DATA EXTRACT ▸
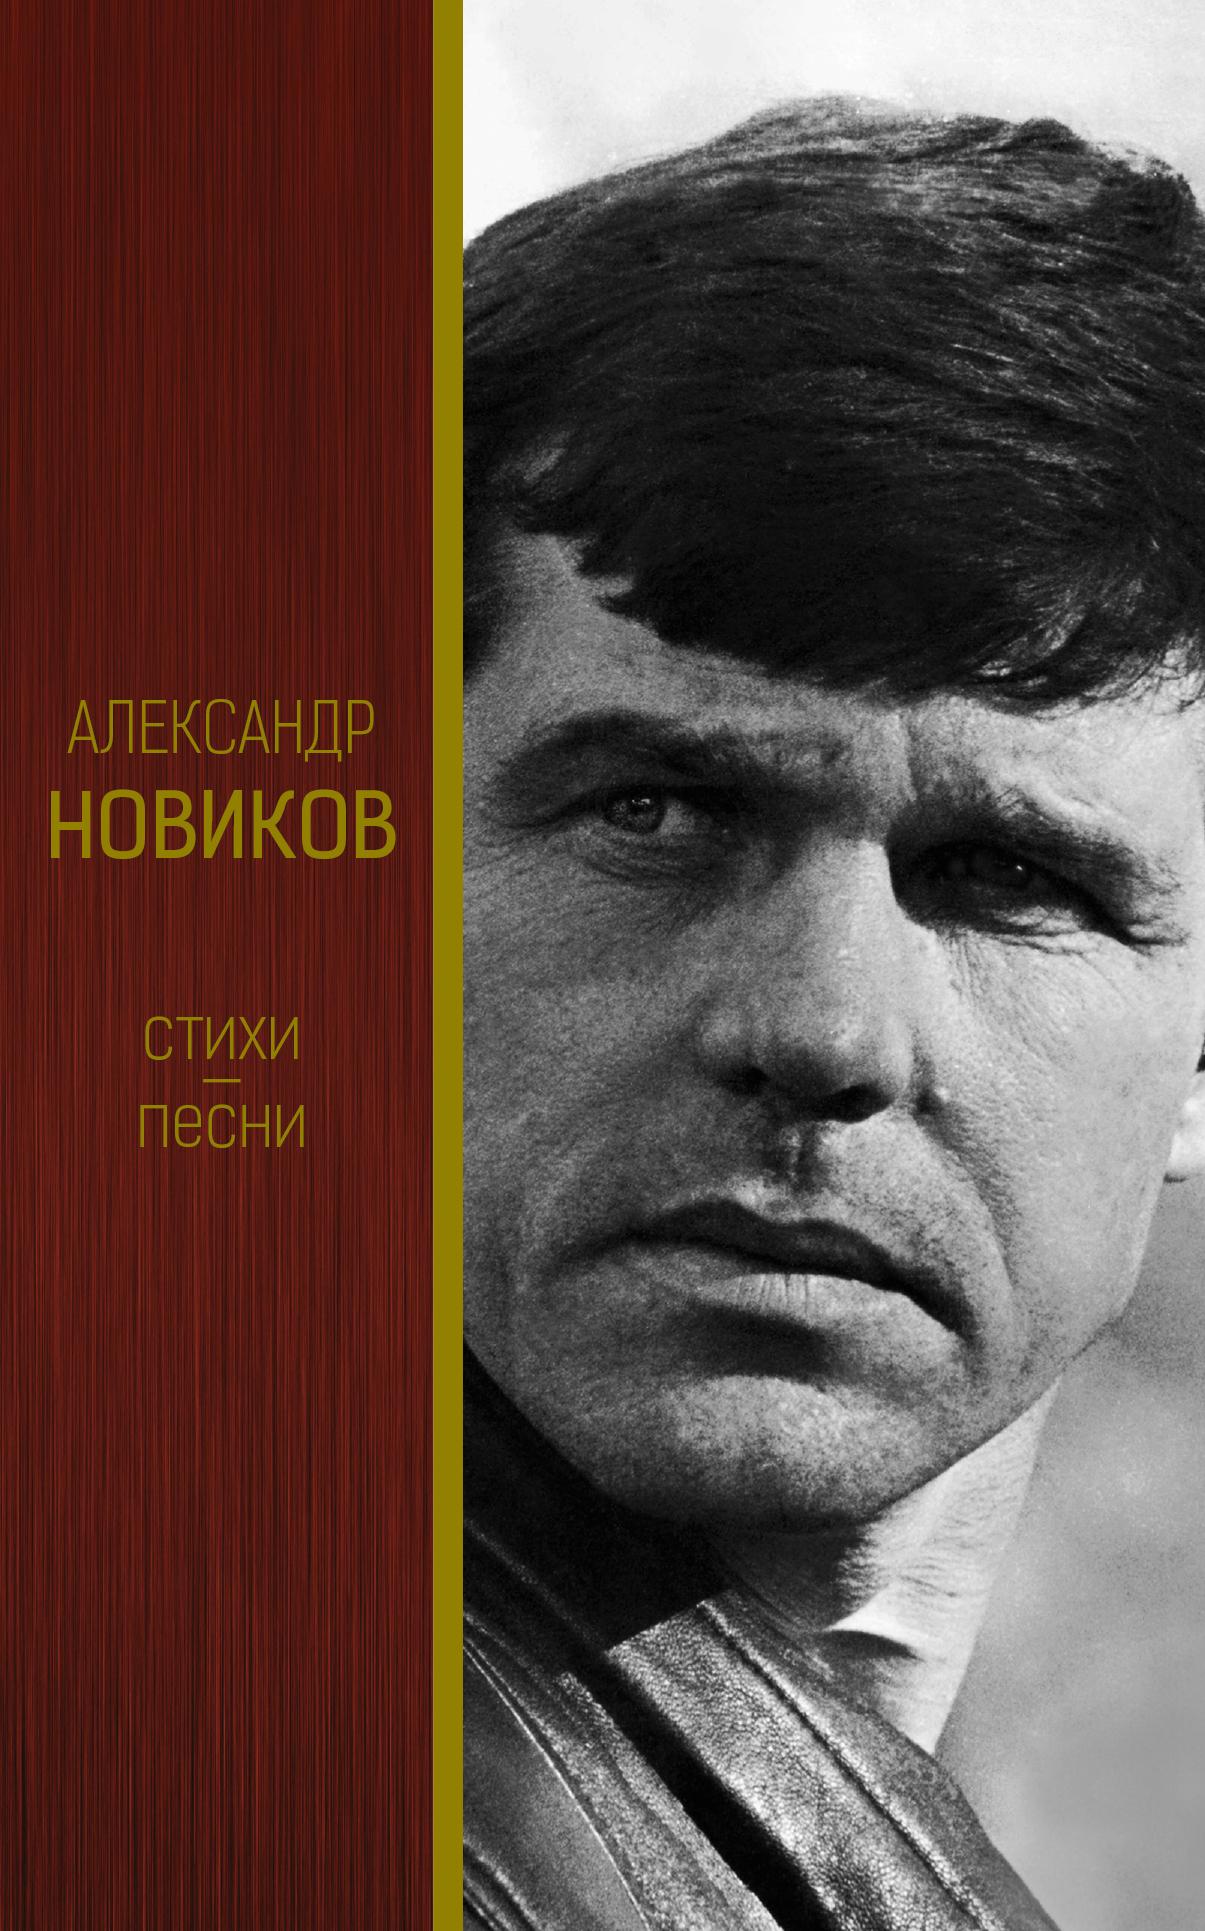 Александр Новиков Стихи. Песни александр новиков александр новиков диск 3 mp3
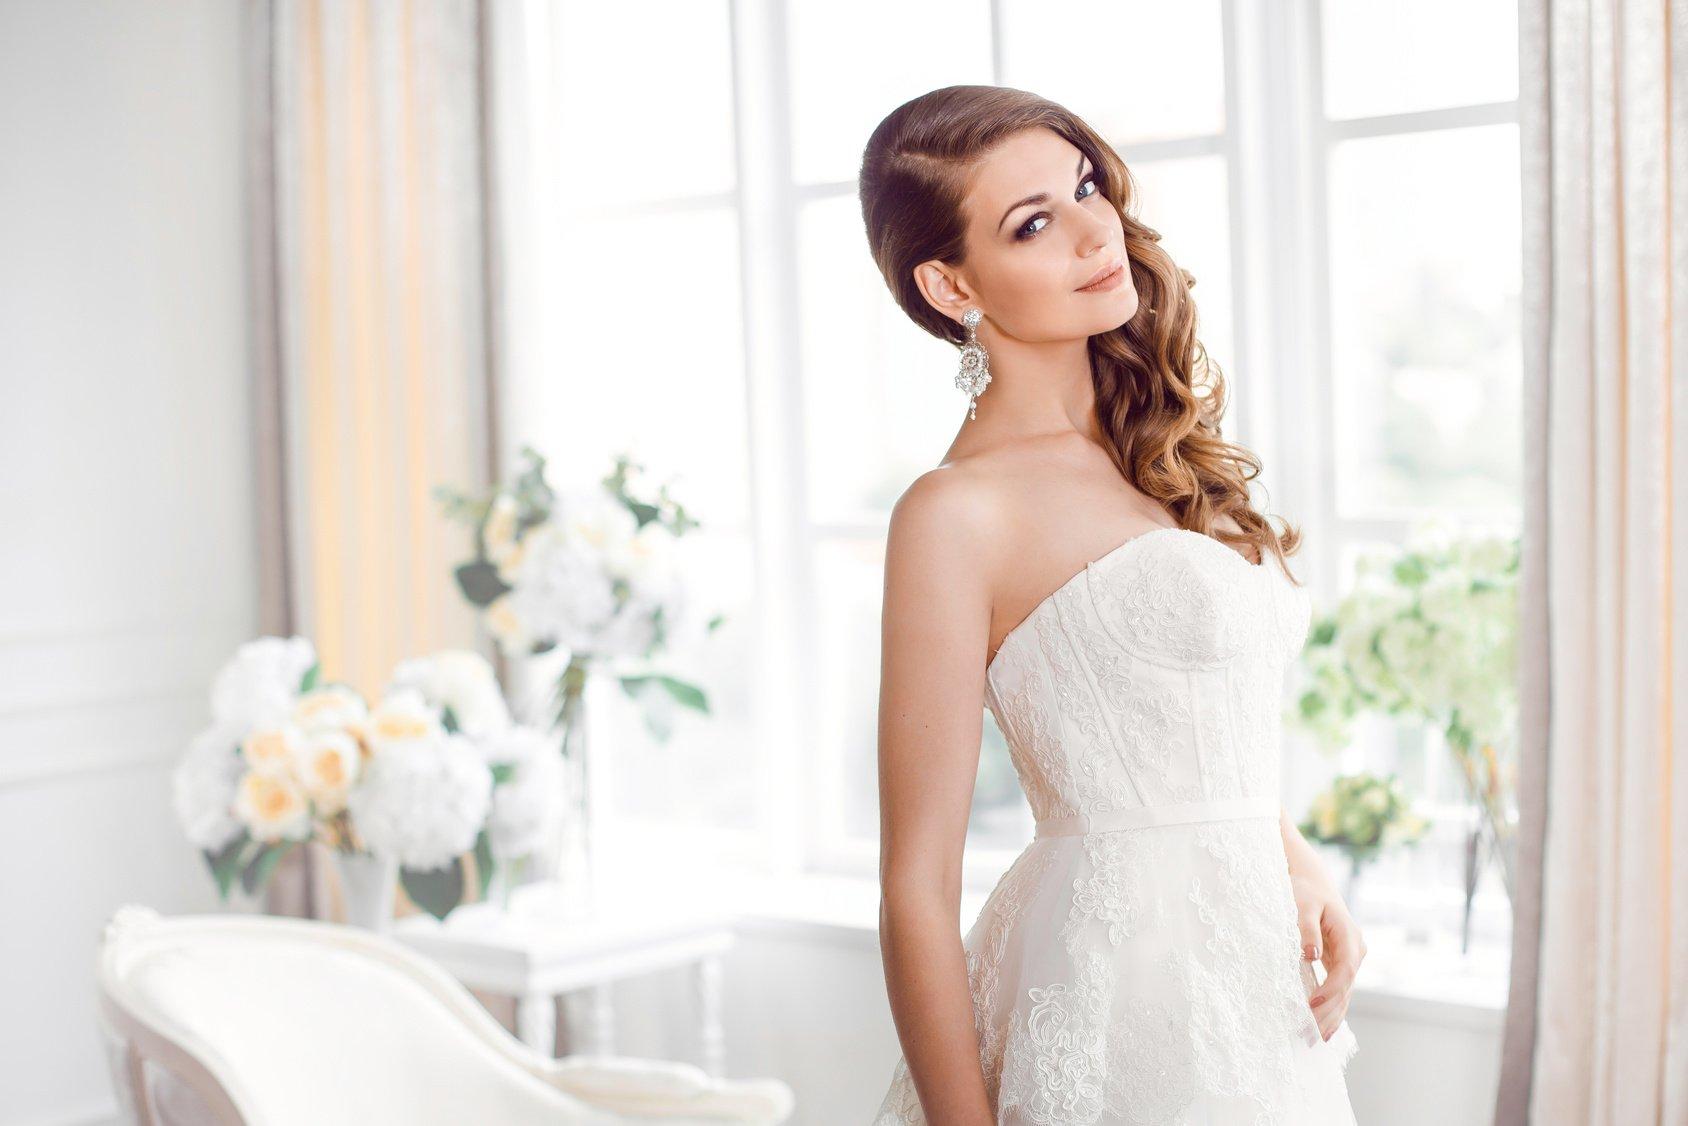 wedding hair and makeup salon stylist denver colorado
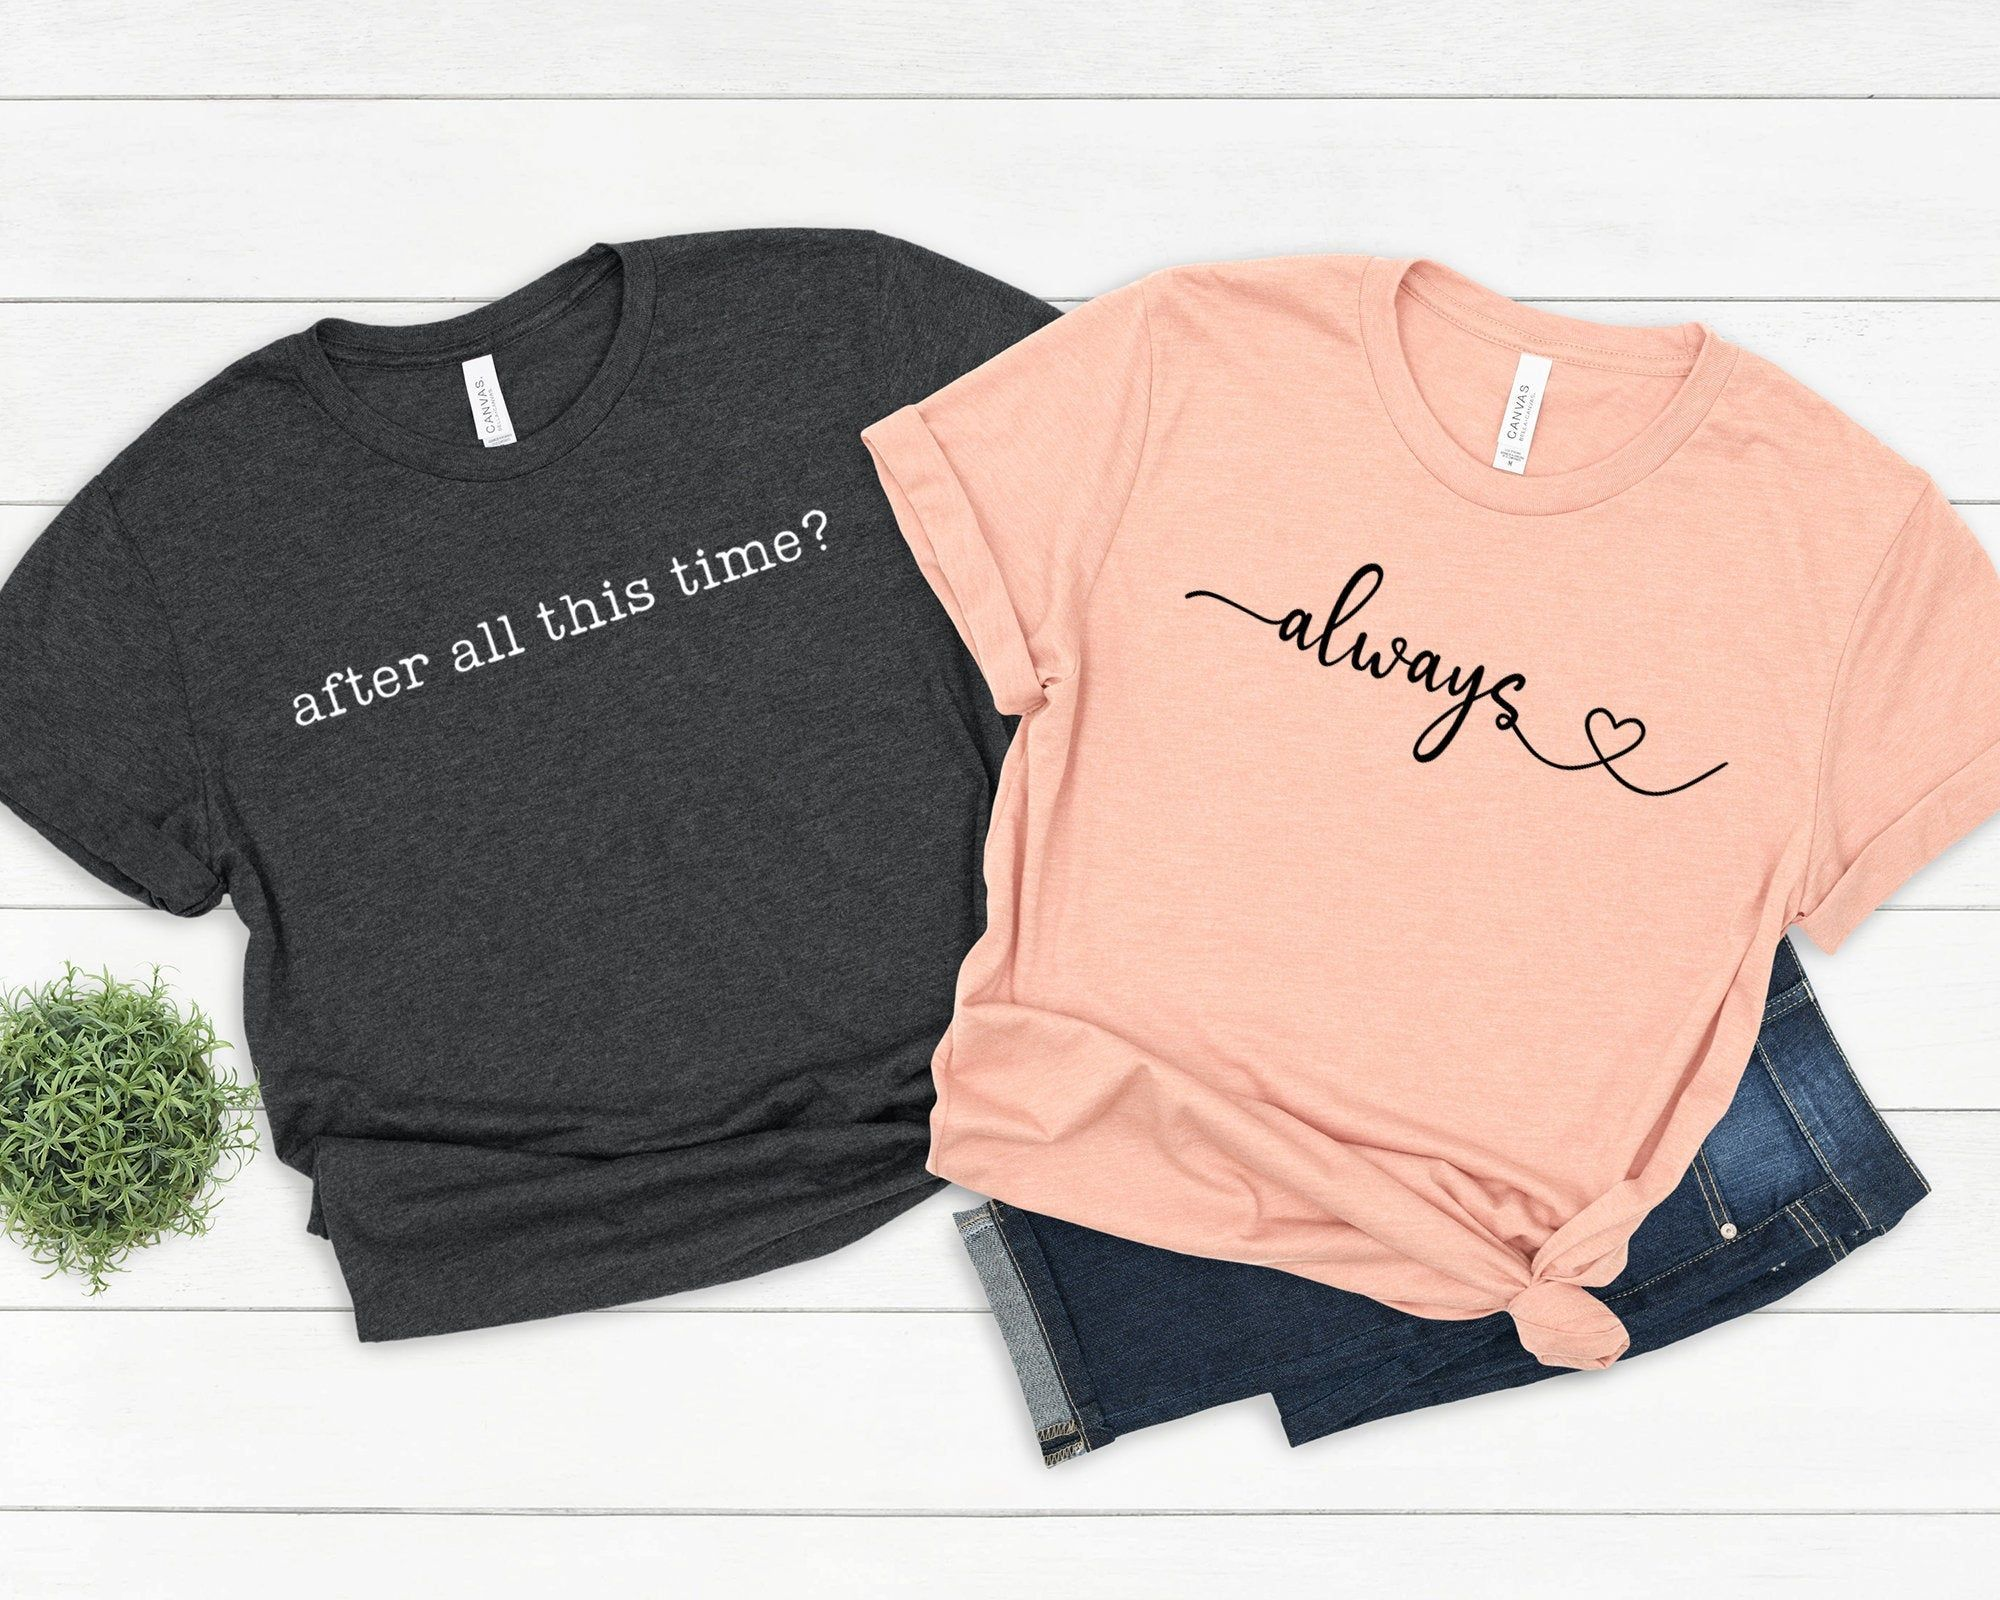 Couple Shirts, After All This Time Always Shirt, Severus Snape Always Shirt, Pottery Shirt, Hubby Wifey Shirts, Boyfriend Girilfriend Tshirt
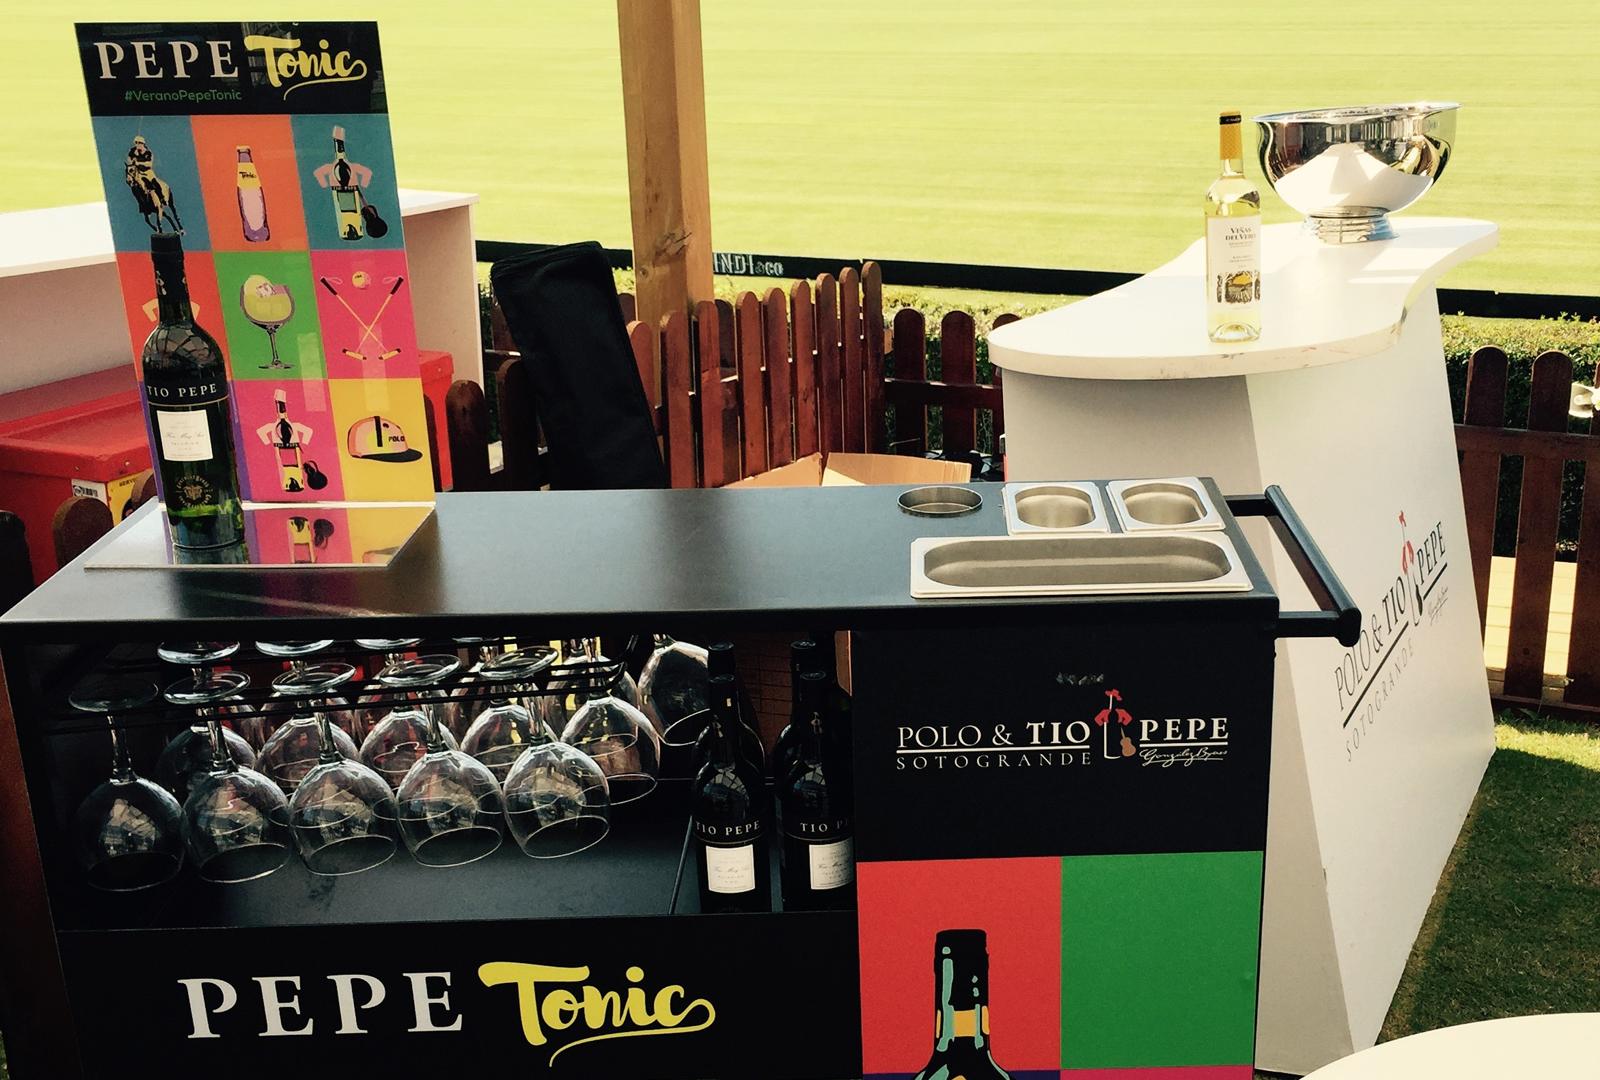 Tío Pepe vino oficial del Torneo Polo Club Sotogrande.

DESCRIPTION OF THE TASK ▸ Reproduce all of the material above word for word. Omit the pictures.

RESULT OF THIS EXERCISE ▸
 Александр Новиков Стихи. Песни александр новиков александр новиков диск 3 mp3
 wedding hair and makeup salon stylist denver colorado
 Couple Shirts, After All This Time Always Shirt, Severus Snape Always Shirt, Pottery Shirt, Hubby Wifey Shirts, Boyfriend Girilfriend Tshirt
 Tío Pepe vino oficial del Torneo Polo Club Sotogrande.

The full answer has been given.